Siloing schema definitions in each implementation language is a major obstacle to onboarding a new language.

My experience of working on backend / mobile teams is that sometimes teams communicate well about message specs and sometimes not, and the ‘not’ times ship real errors. You may say ‘mobile apps don’t hit SQL directly, and message schemas are a different problem from storage schemas’, and that’s true, but many teams have polyglot backend codebases (or want them), or use python or scala just for data.

‘Full stack’ schemas would be so awesome. They would statically catch those surprises when the layers of your system don’t agree on the shape of an object. Beyond that, they could accelerate UI development by providing programmatic / default views for certain kinds of objects.

We can’t have nice things until we move our schemas out of our app languages and into declarative spec languages like SQL, proto, or even jsonschema / swagger (though I’m not a great fan of the last two).

What am I doing about this

This article is at least 50% out of desire to plug my alpha-stage anti-ORM, automigrate.

Automigrate starts with create table statements in vanilla SQL and can use those to generate:

ORM specs in various app languages (currently just python SQLAlchemy)
migration commands based on the git history

Schemas and migrations are generally a difficult thing in a new codebase and a problem that teams solve in different ways. My goal is to standardize that, improve my life, and make it easier for people to add new languages to their stack when necessary.
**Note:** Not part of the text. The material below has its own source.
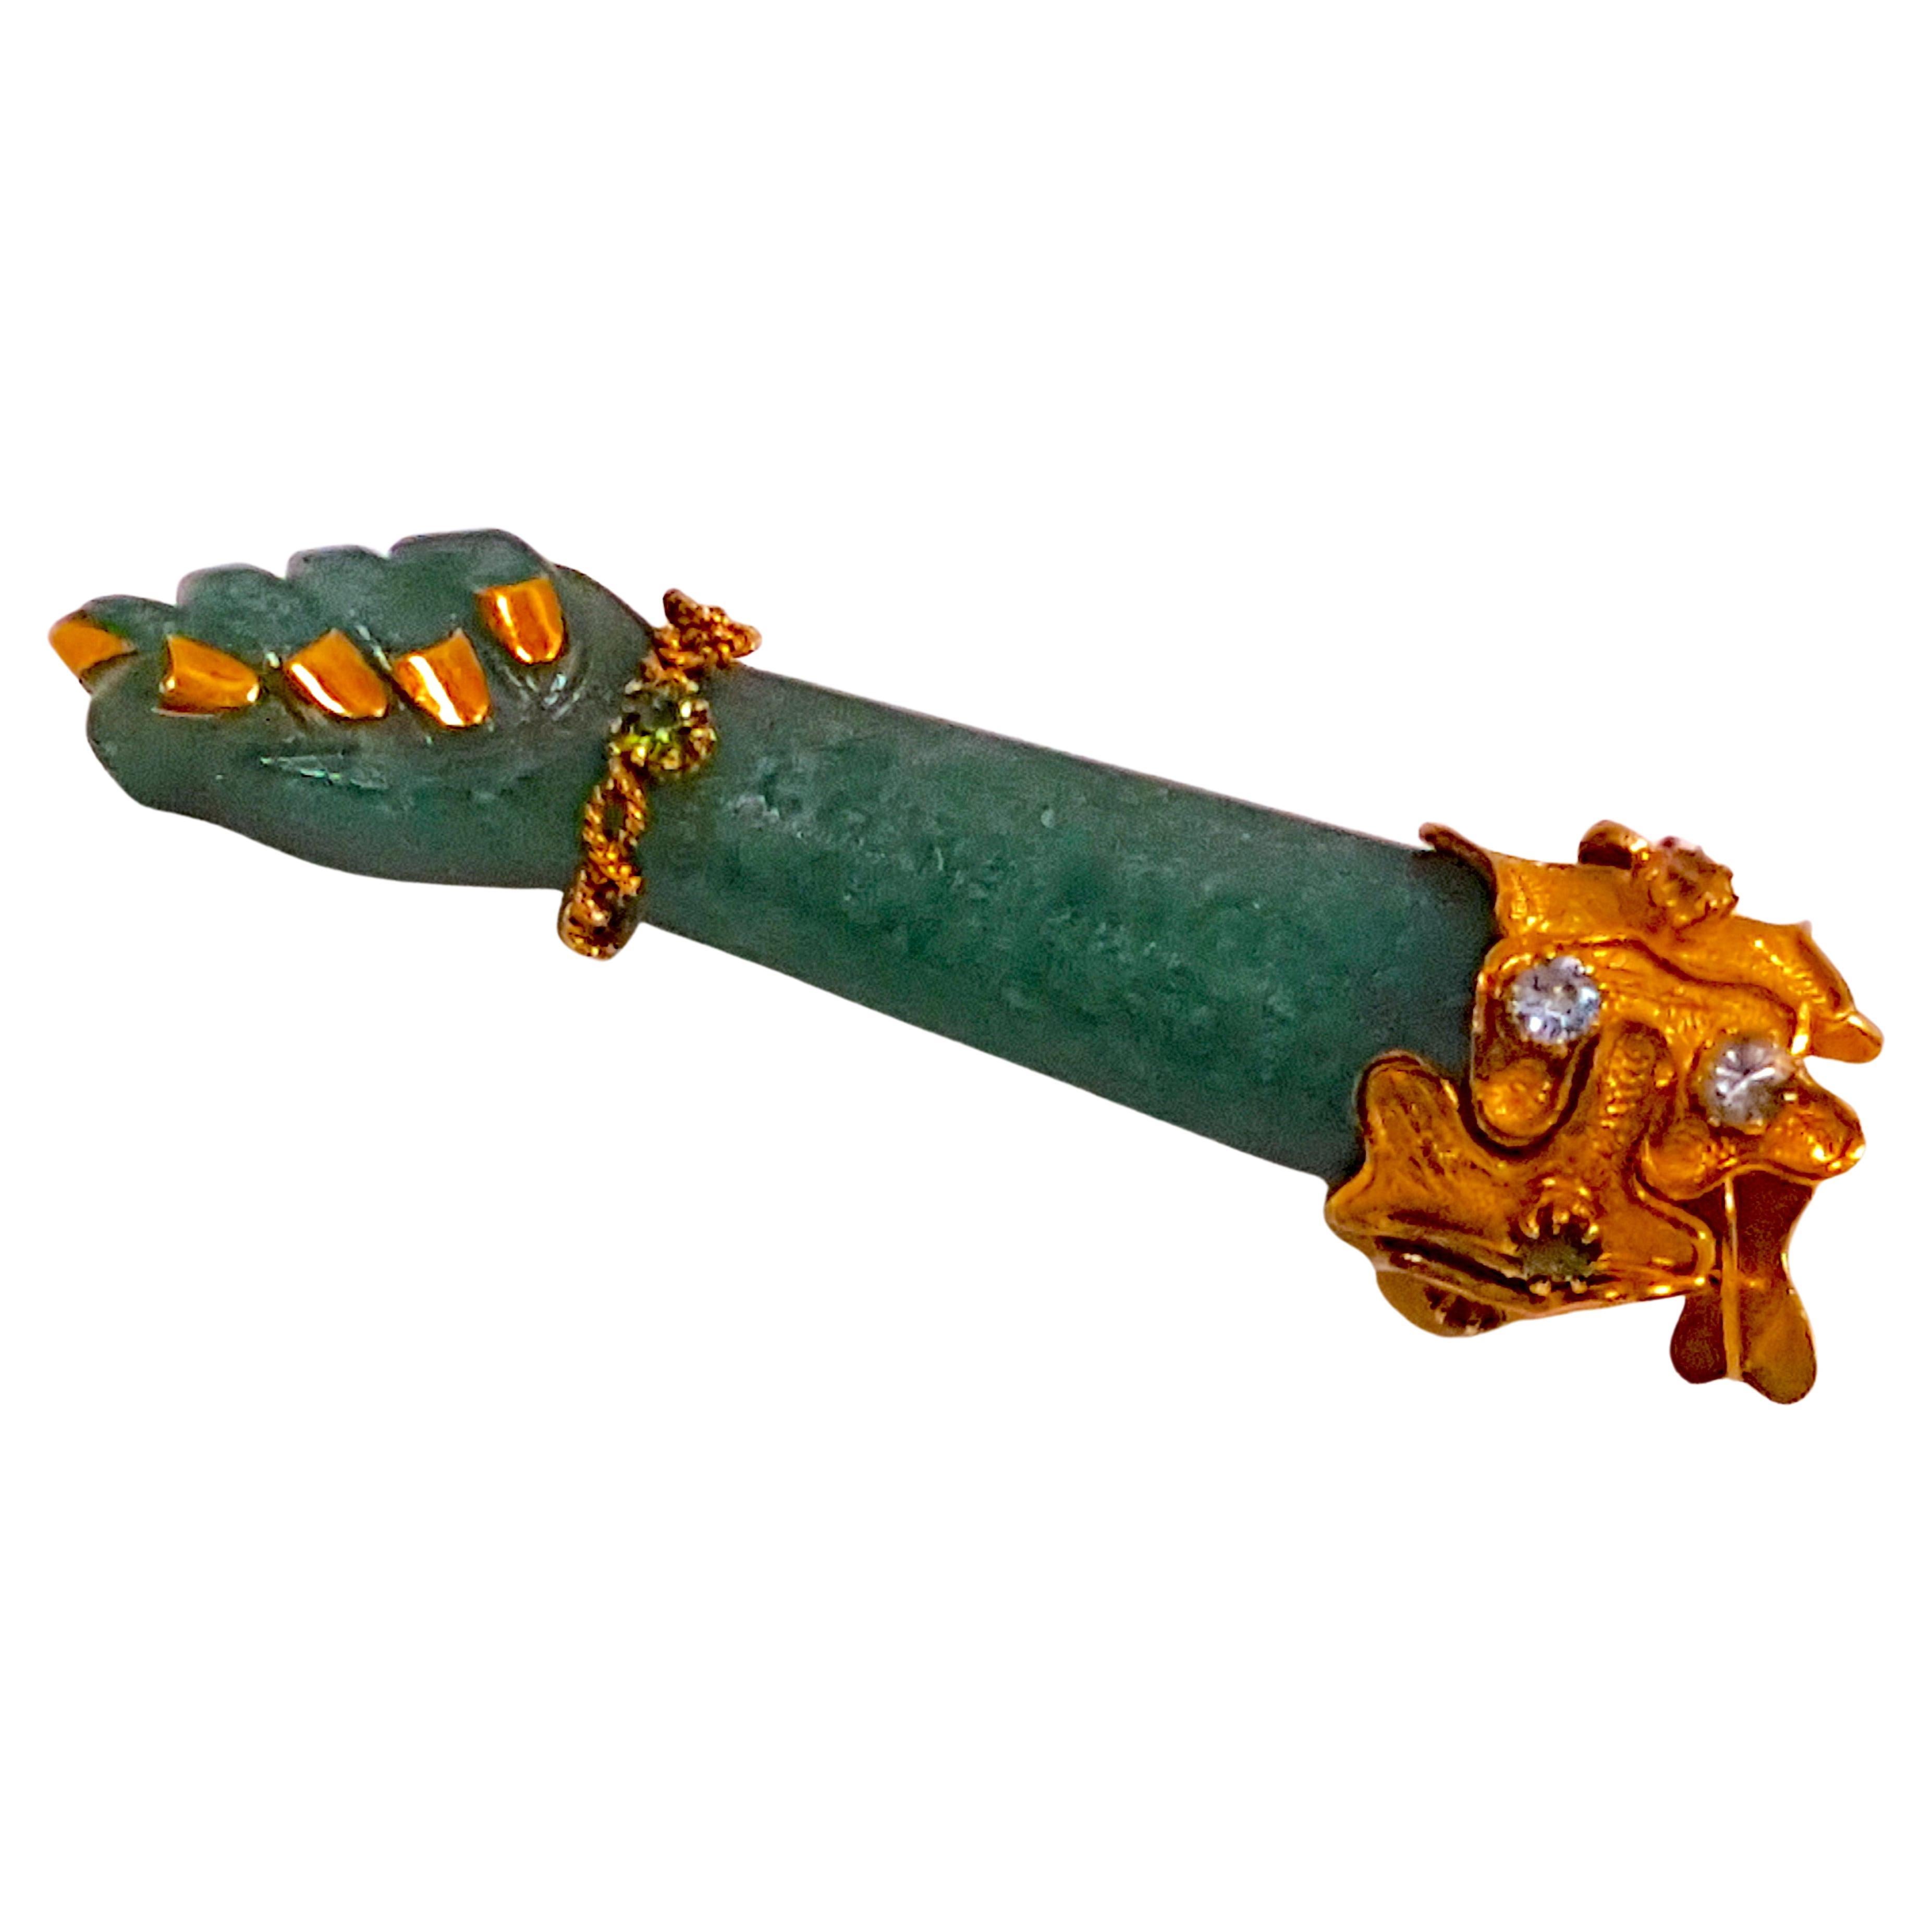 With elements of the cross-over late-Arts&Crafts and early-Art-Nouveau movements, this antique turn-of-the-century mottled-green jade amulet pendant is elaborately decorated in a Baroque-Revival style with 18K yellow gold, as well as with 10

Appendix: things people said online

I got various feedback about this from internet people. Some of it was:

“Simple CRUD operations are annoying to write without an ORM.” I mostly agree with this, especially on the read side, potentially less on the insert / update side.
“My ORM does use SQL as a source of truth” (from users of various ORMs). If you said this and mean that your class methods translate well to SQL, we’re not saying the same thing. If you said this and mean that you can mirror a running DB to a class hierarchy, I’m talking about SQL statements checked into git, not a live DB.
“ORMs enable composability.” I’m interested in this argument – in theory you can create a generic RBAC system or something and use it everywhere. In practice clunky join syntax is one of the things that ORMs do that puts ants in my pants, but this article is mostly about schema defs and not about querying so I’ll say ‘no comment’.
“Service oriented architectures shouldn’t be looking at each other’s data directly, so the polyglot use case doesn’t matter.” I half-agree, but I don’t agree in the data processing case. Also, SOA means different things to different people and there are advantages to having a common datastore when you’re small.